Children, the elderly and immunocompromised individuals are most seriously
afflicted. The most fatal cases usually climax by causing bronchitis,
broncholitis and pneumonia. During the acute stage, destruction and
desquamation of the pseudostratified columnar epithelium of the trachea and
bronchi are common. Usually, only a basal layer of the epithelium remains after
infection. The submucosa are often marked by oedema and congestion. Autopsies
carried out after the 1918 Spanish influenza involving H1N1 displayed reddened
and swollen mucosal surfaces and constant evidence of secondary bacterial
infections, making it hard to determine the exact cause of death from influenza
alone. 14 Neutrophils may contribute to acute lung injury after the
original influenza infection. They have been poorly studied in respect to viral
disease, however, as they are first-responders in the immune response, it is
plausible that insufficient or incorrect signalling may cause overstimulation
of type I interferons (IFN). This would cause phagocytic cells to hone into the
infected airways and cause destruction of the epithelium in response to the
inflammatory cytokines and chemokines. 17 During the final stages,
the epithelium can become necrotic. Necrosis during bronchitis caused by
influenza can cause build up of secretions in bronchial lumen, coupled with
bronchial wall thickening can culminate in serious breathing impairment. 18
Pneumonia caused by influenza results in thrombosis of vessels, interstitial
oedema from oxygen deficit and haemorrhage from mass infiltration of
inflammatory cells. 18



S.pneumoniae is a relatively harmless commensal bacterium that usually lies
dormant in healthy individuals. However, once co-infected with the influenza
virus, a lethal synergism between the two can arise. Damage to the respiratory
tract from the influenza infection will aid bacterial acquisition, however, progression
also depends on the host’s immune status, sequence and timing of infection and
pathogenic strain. 19 The characteristics of the separate infections
are changed when co-infection occurs. Firstly, influenza can decrease the
mucociliary clearance of pneumococci whilst the pneumococci themselves adhere
to epithelial cells with greater virulence

This could be due to viral neuraminidase
activity. This achieved by neuraminidase disturbing the sialylated mucin found
on the epithelium, which in turn exposes binding sites for the pneumococci to
adhere to. TNF- a from virally infected cells which indirectly upregulate PAFr
further enabling pneumococci adherence. 21 As adherence deepens
further into the lungs, the excess mucus sloughs off creating an optimum
environment for the bacteria to multiply in. 20


The severe immune response to destroy these
pathogens leads to further damage to the lung epithelium. Prior to and
throughout co-infection, inflammatory cytokines IFN-a,
IFN-b, IFN-g, TNF-a and IL-6 and anti-inflammatory cytokine IL-10 are released in a
significantly greater quantity, influencing downstream events. These include
macrophagre and neutrophil recruitment. The apoptotic immune cells express
CD200 on their surface.

In summary, the immune response is
desensitised. 19 The recovery period of influenza disables the
ability of alveolar macrophages to phagocytose the pneumococci that results in
an amplified but ineffective clearing of bacteria.

PB1-F2 is an influenza A protein that induces
apoptosis.

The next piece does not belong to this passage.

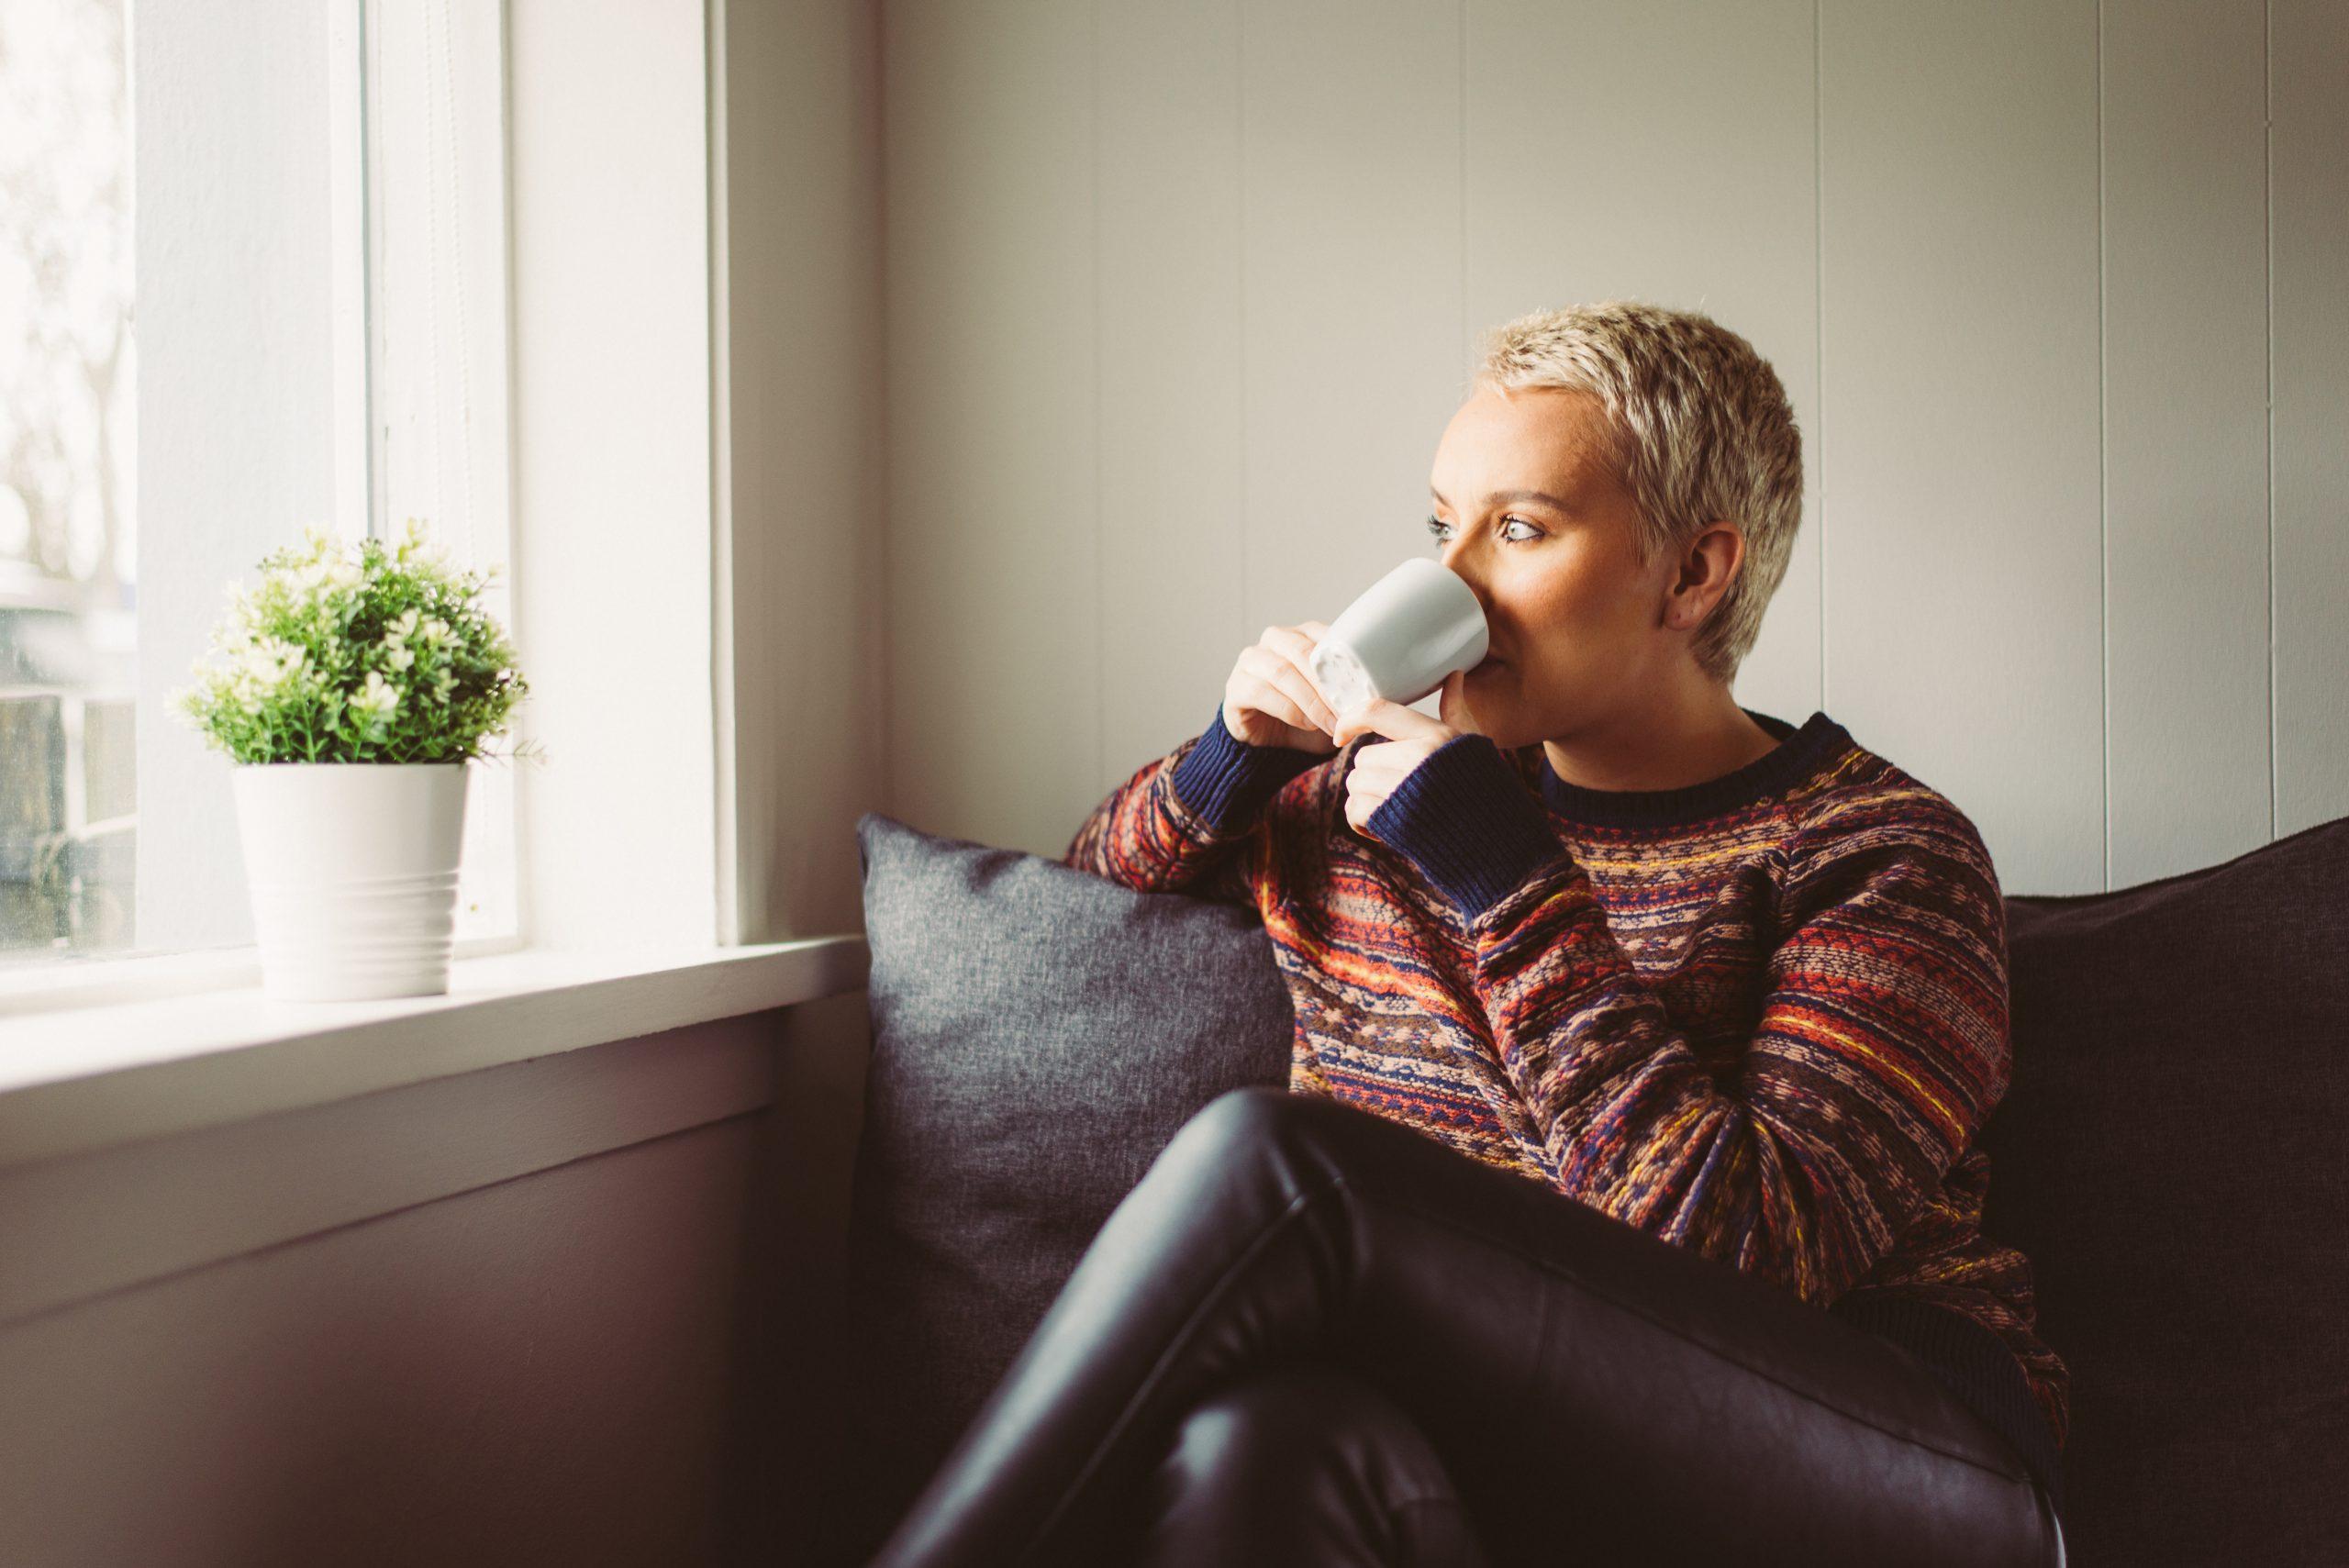 Quarentena e saúde mental: como proteger a mente durante o isolamento contra o coronavírus

Viruses with increased PB1-F2 result in more severe secondary
infections. In fact, truncated PB1-F2 strains have very low virulence with
bacterial infection suggesting the important role the protein plays in
co-infection. 22


Both S. pneumoniae and the influenza virus
can cause disease in the human body when singularly infecting. However,
together, they can form a lethal synergy through secondary bacterial
infections, resulting in overstimulation of the immune response components. The
influenza virus aids the pneumococci in adherence to the pulmonary endothelium.

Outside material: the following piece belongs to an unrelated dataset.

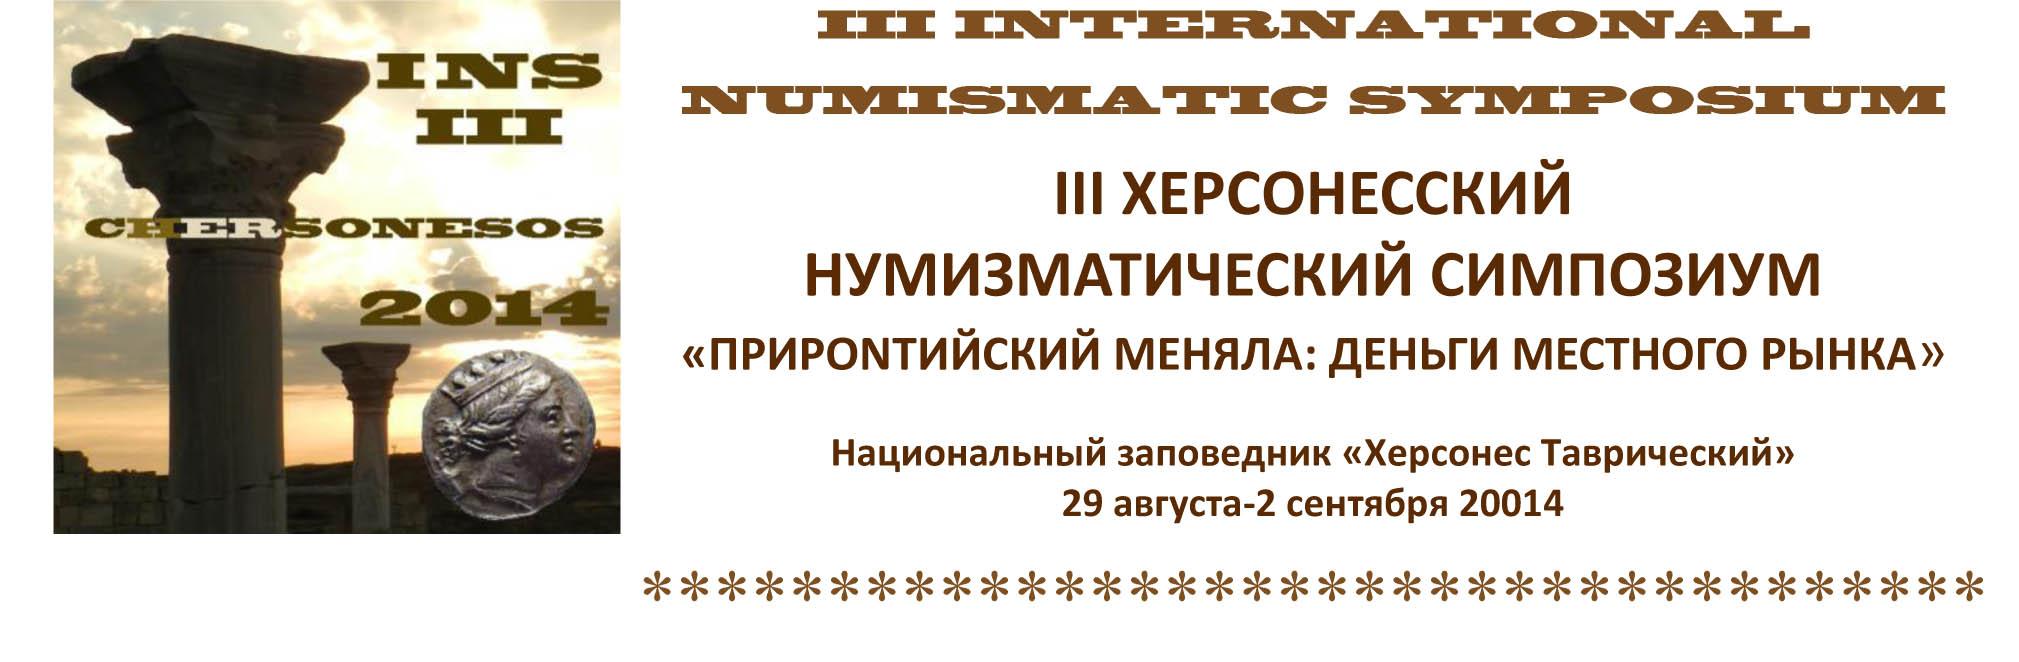 http://sf.uploads.ru/tCebq.jpg

In general, S. pneumoniae is commensual and only displays symptoms when the
immune response is already compromised. Co-infection is so virulent due to the
adaptive immune response inhibiting the innate immune system whilst trying to
destroy the pnemococci bacterium. Therefore, the endothelium is almost entirely
destroyed, allowing for a systemic infection of S. pneumoniae.